Мануйлов. Это подразумевалось. Он был очень скрытным, не хотел себя компрометировать».
Официальный следователь Соколов сообщал, что Юсупов говорил о ненависти Распутина к императору, о его брани в адрес царя. «Не хочу повторять выражений Распутина, – писал Соколов, – но очень хорошо понимаю, почему Юсупов рисует его чудовищем». Мнение Распутина о царе и царице, которое он высказывал в присутствии Юсупова, таково: «Он [царь] никогда ни на что был не годен, а царица – мудрая государыня. Надо всю власть отдать в ее руки, пусть правит, тогда все устроится к лучшему. Такова народная воля».
Несомненно, царь становился помехой, опасным препятствием для осуществления «плана, достойного государственного деятеля», задуманного кликой Распутина и возглавлявшими ее оккультистами. Опасным по-настоящему, поскольку придворные, великие князья, гвардия, Дума уже не ограничивались платонической ненавистью к чудовищу, подчинившему себе царицу и надежно лишившему их возможности участвовать в управлении страной. Распутин, несомненно, понимал их чаяния. Поэтому ему было необходимо парализовать волю императора, пристально наблюдать за ним и контролировать его. Возможно, поэтому хотел переместить Ставку Верховного главнокомандующего в Царское Село.
Впрочем, Распутин был не единственным чудотворцем, присутствовавшим у постели наследника цесаревича. Вслед за ним появился тибетский целитель Бадмаев, о котором я уже упоминал, цитируя Жильяра.
Бадмаев, самый деятельный член клики Распутина, лечил больных травами, корешками, бальзамами, утверждал, что действительно знает «древние целительные секреты лам и имел в Санкт-Петербурге массу клиентов, которые слепо ему доверяли». Кстати, одним из них был Протопопов, и именно лекарь представил будущего министра Распутину. Старец как-то проговорился Юсупову, что травы и коренья Бадмаева могут «парализовать рассудок, остановить и усилить кровотечение». Именно кровотечениями страдал цесаревич. Что касается душевного паралича, найдется ли более жуткий пример лечебной практики Бадмаева, чем император с беспомощной улыбкой и непрестанно блуждающим взглядом, забывший о теме своей беседы с бывшим премьер-министром?
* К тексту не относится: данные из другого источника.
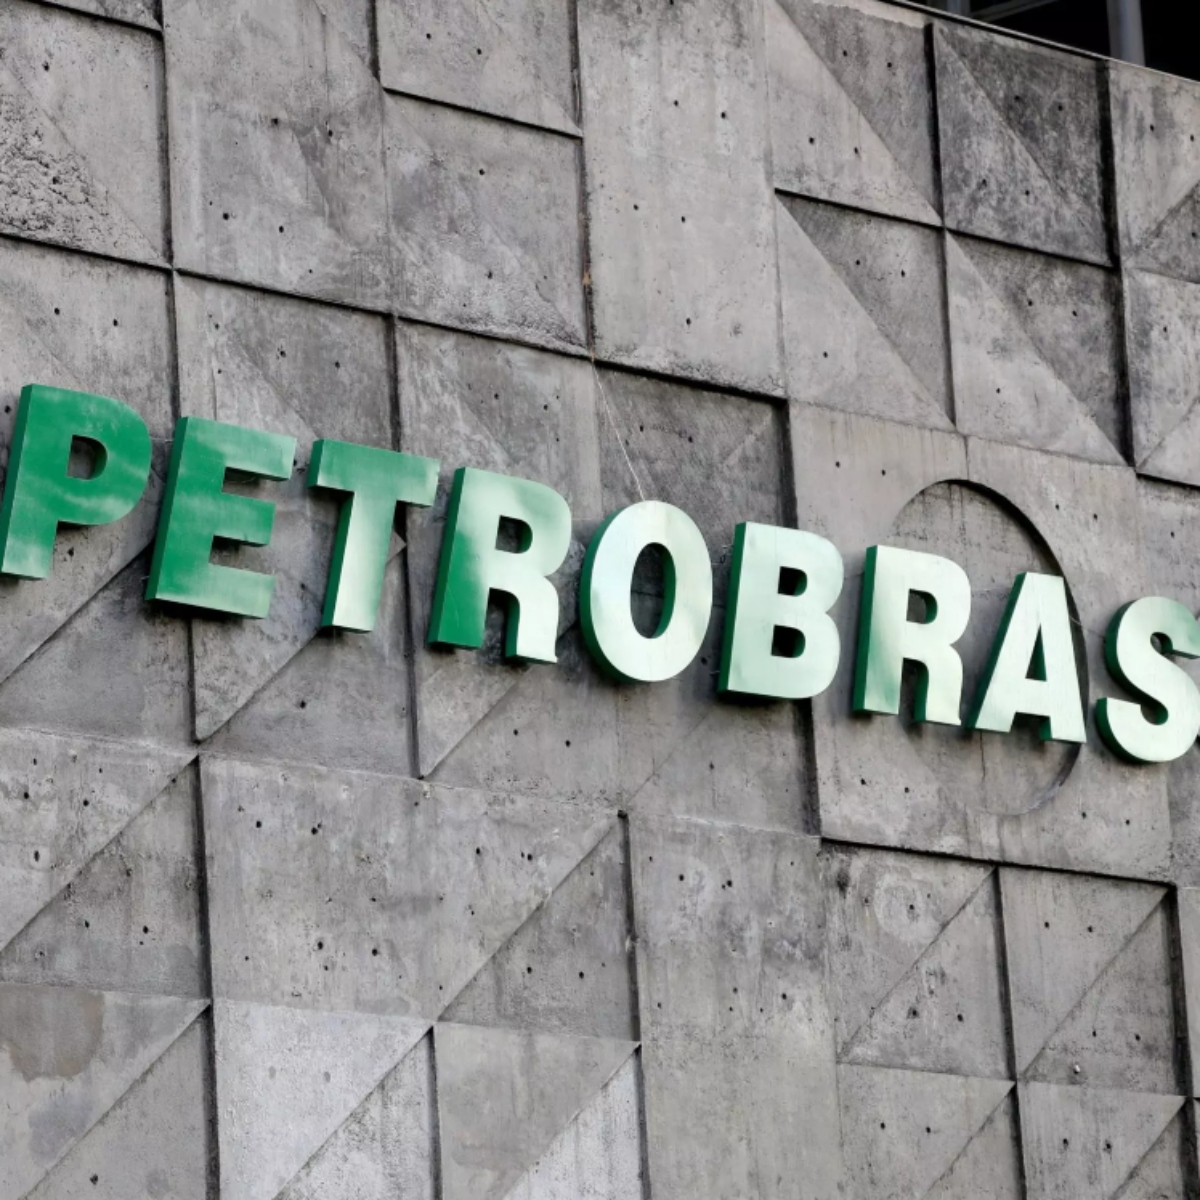  Petrobras estágio vagas 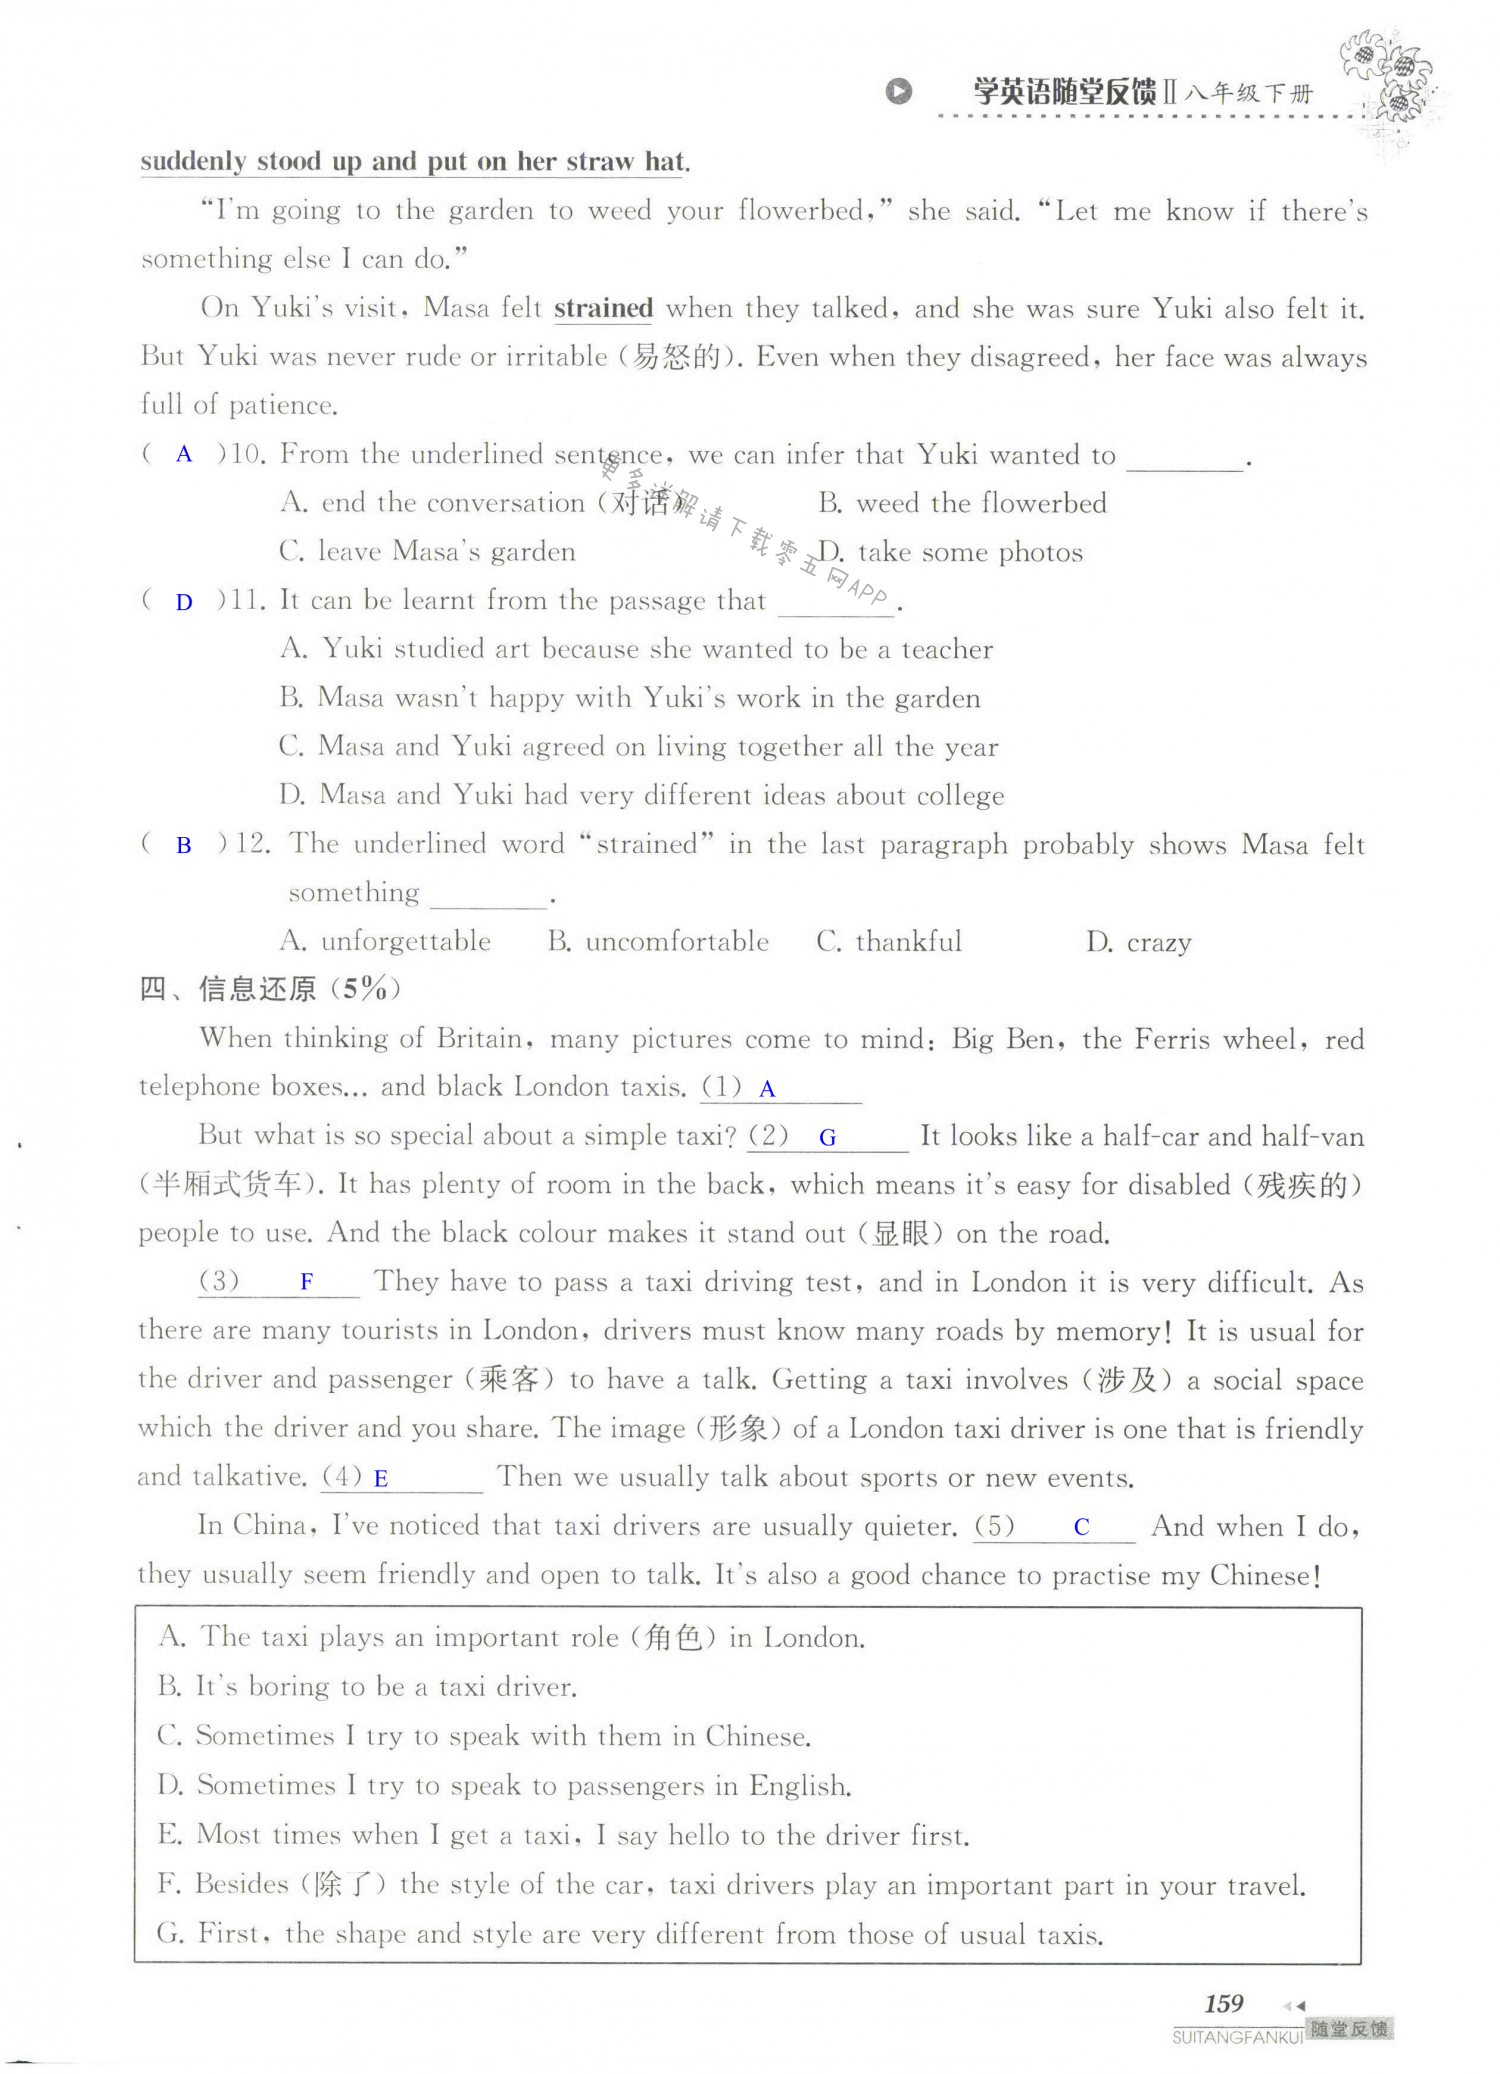 单元综合测试卷 Test for Unit 2 of 8B - 第159页

В момент, о котором сейчас идет речь (январь–февраль 1917 года), Распутин был уже мертв, но жизнь в Царском Селе шла по-прежнему. Протопопов, земное воплощение человека Божия, во всеуслышание заявлял, что верит «в одну императрицу». Императрица, полная необычайной энергии и стремления к власти, практически уже стала «Екатериной II» – царь подписал тайный указ, фактически объявив ее регентшей.
Отныне министры были обязаны отчитываться перед императрицей. Пока царь какое-то время после смерти Распутина жил в Царском Селе, ни одно важное решение не принималось без ее участия. Теперь перед ней стояла одна цель: сохранить в неприкосновенности самодержавную власть для сына Алексея, который непременно должен жить и царствовать. Великие князья были высланы в свои самые дальние поместья, армия находилась под подозрением, закрывались общественные организации, работавшие на национальную оборону (Союзы), Дума была распущена. Мы воюем со всеми, надо твердо держаться. Смерть Распутина решительно подтвердила, что Распутин жив. Ради него Царское Село разорвало последние связи с народом и армией… навсегда.
Глава 6
Самоубийство монархии
10 (23) февраля председатель Думы Родзянко представил царю последний доклад, предприняв последнюю попытку спасти монархию. Император выслушал и после минутного тягостного молчания спросил:
– Вы по-прежнему просите отставки Протопопова?
– Да, государь. Раньше просил, теперь требую.
– И чего надеетесь добиться, позвольте спросить?
– Вашего спасения от беды, государь! Нас ждут колоссальные непредсказуемые потрясения. Ваши личные поступки и действия правительства до невозможности раздражают народ. Всех тиранит полный прохвост. Каждый спрашивает: «Если на такое способен любой проходимец, то почему не я, уважаемый гражданин?» Эта мысль распространяется в армии, ведет к анархии. Вы изволили некогда следовать моим советам и получали хорошие результаты.
– Какие? – спросил царь.
– В 1915 году, если помните, вы отправили Маклакова в отставку.
– Да, и теперь жалею об этом, – ответил царь, глядя прямо в глаза Родзянко. – Он отнюдь не глуп…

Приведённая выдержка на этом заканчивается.